Wednesday, March 5, 2008

Attitude Adjustments

We who lived in concentration camps can remember the men who walked through the huts comforting others, giving away their last piece of bread. They may have been few in number, but they offer sufficient proof that everything can be taken from a man but one thing: the last of the human freedoms—to choose one's attitude in any given set of circumstances, to choose one's own way.
--Viktor Frankl

I love quotes. I have pages full of them saved on my computer and as I'm sure you've all noticed, I change the quote on this blog on a weekly basis. (Every Sunday in case you're wondering when.) Many of them are like the anonymous thoughts I posted a few weeks ago - mildly interesting, witty, partly serious. Some portion of them are incredibly serious and deserving of more than a cursory reading. The above is one of those.

It is a quote from Man's Search for Meaning by Viktor Frankl. Frankl was a Neurologist and Psychiatrist who spent three years in concentration camps during WWII. You can read more about him if you're interested by clicking on his name. I don't want to rehash what you can easily find elsewhere.

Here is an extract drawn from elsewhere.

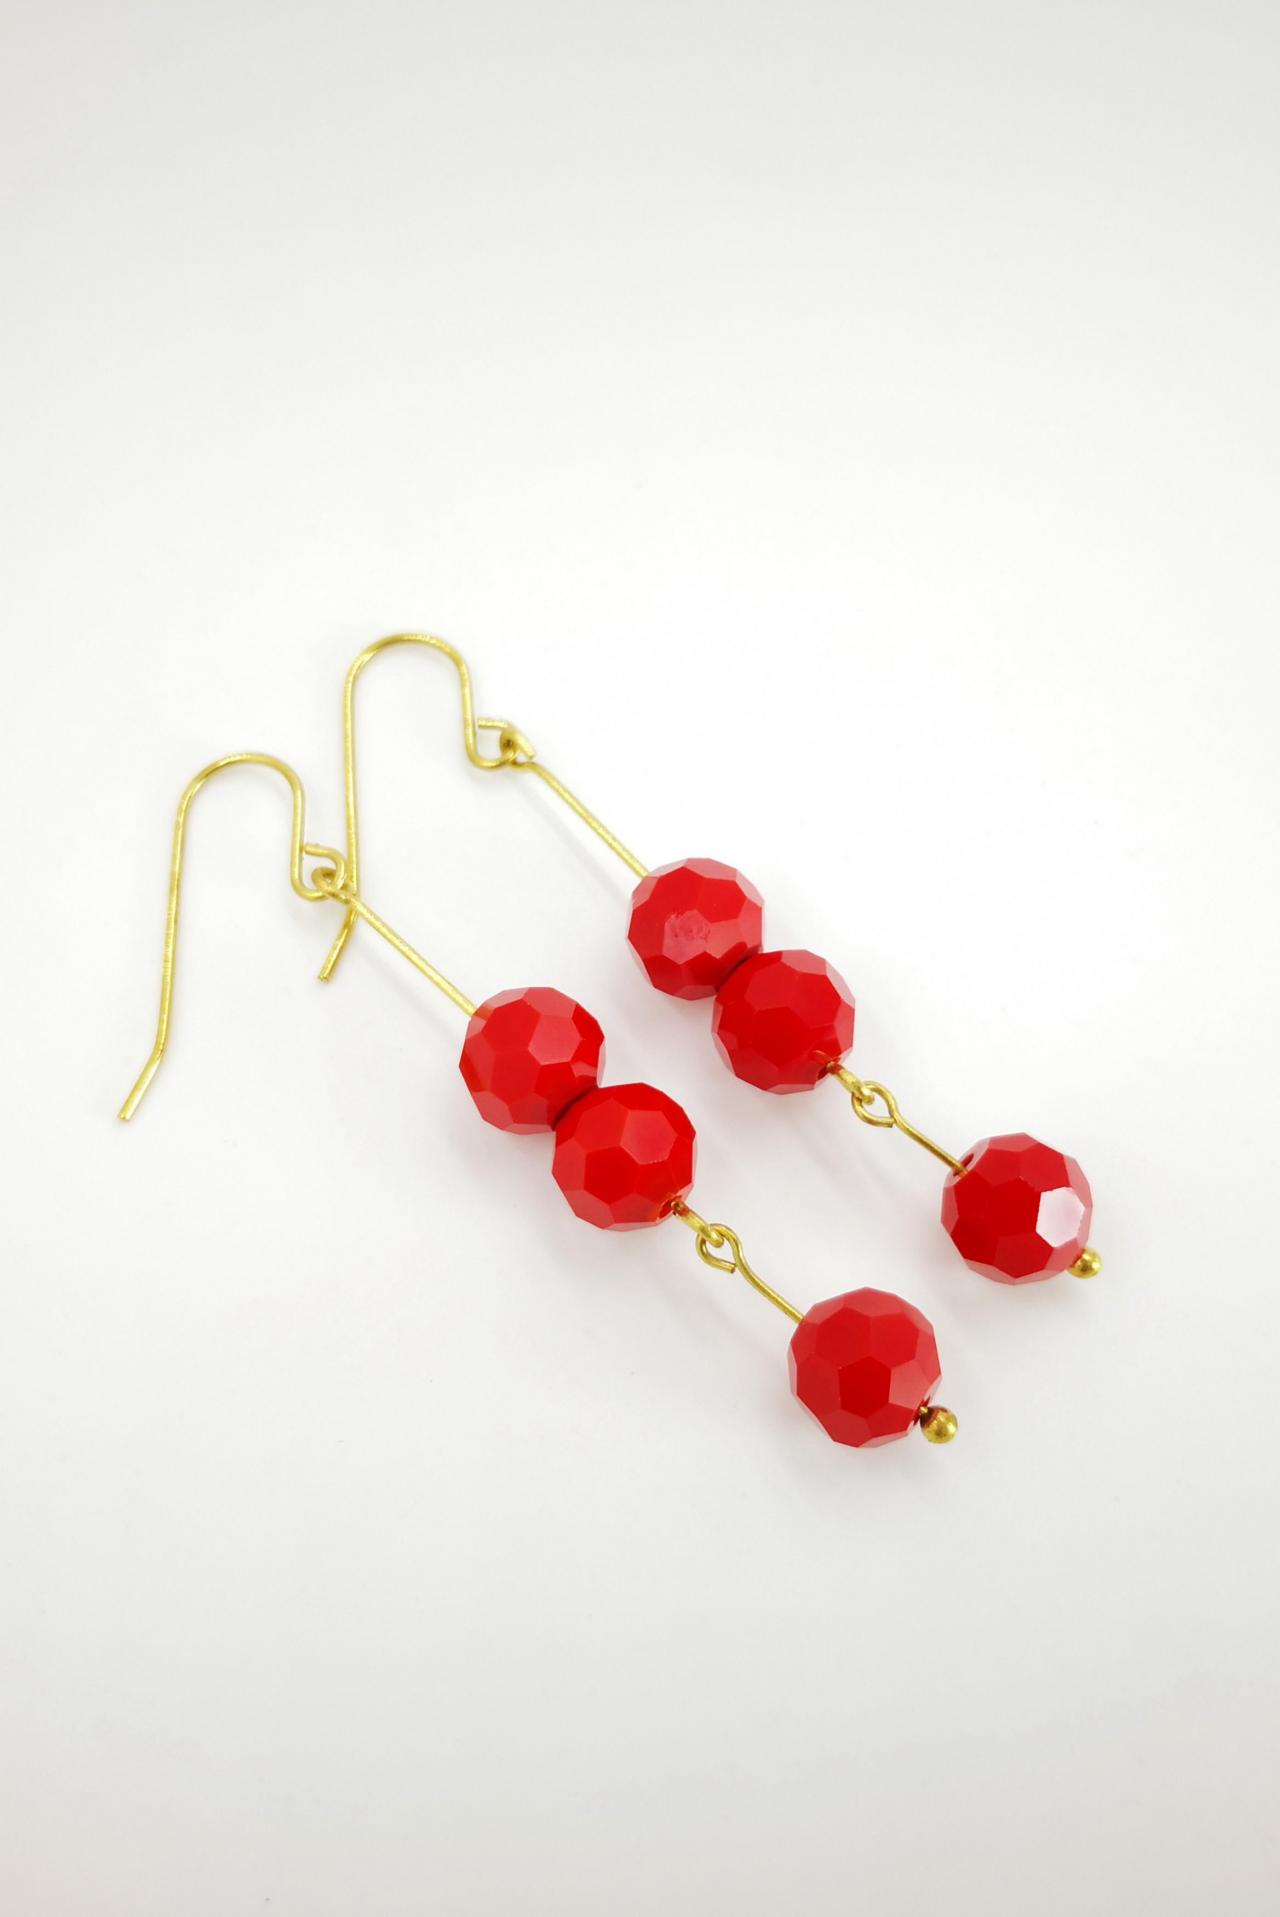 Elegant Earrings Beaded Minimalist Earrings Red Earrings Beige Earrings Boho Earrings Long Earrings Dangle Earrings

To choose one's attitude in any given set of circumstances, to choose one's own way. There is a great deal to think about in that. Very often we (at least this part of we), think that circumstances control us. Sometimes really lousy stuff happens and it is easy to get caught up in believing that we have no control. Often we don't have much control. Other people make decisions that affect us, weather changes, planes crash, things happen. But always we can choose how we are going to view it. How we respond and deal with what happens will always be our own decision. We can cry and moan and wait to die or we can go out and share our food. And in doing that, in choosing our attitude, we find the path to choosing our own way.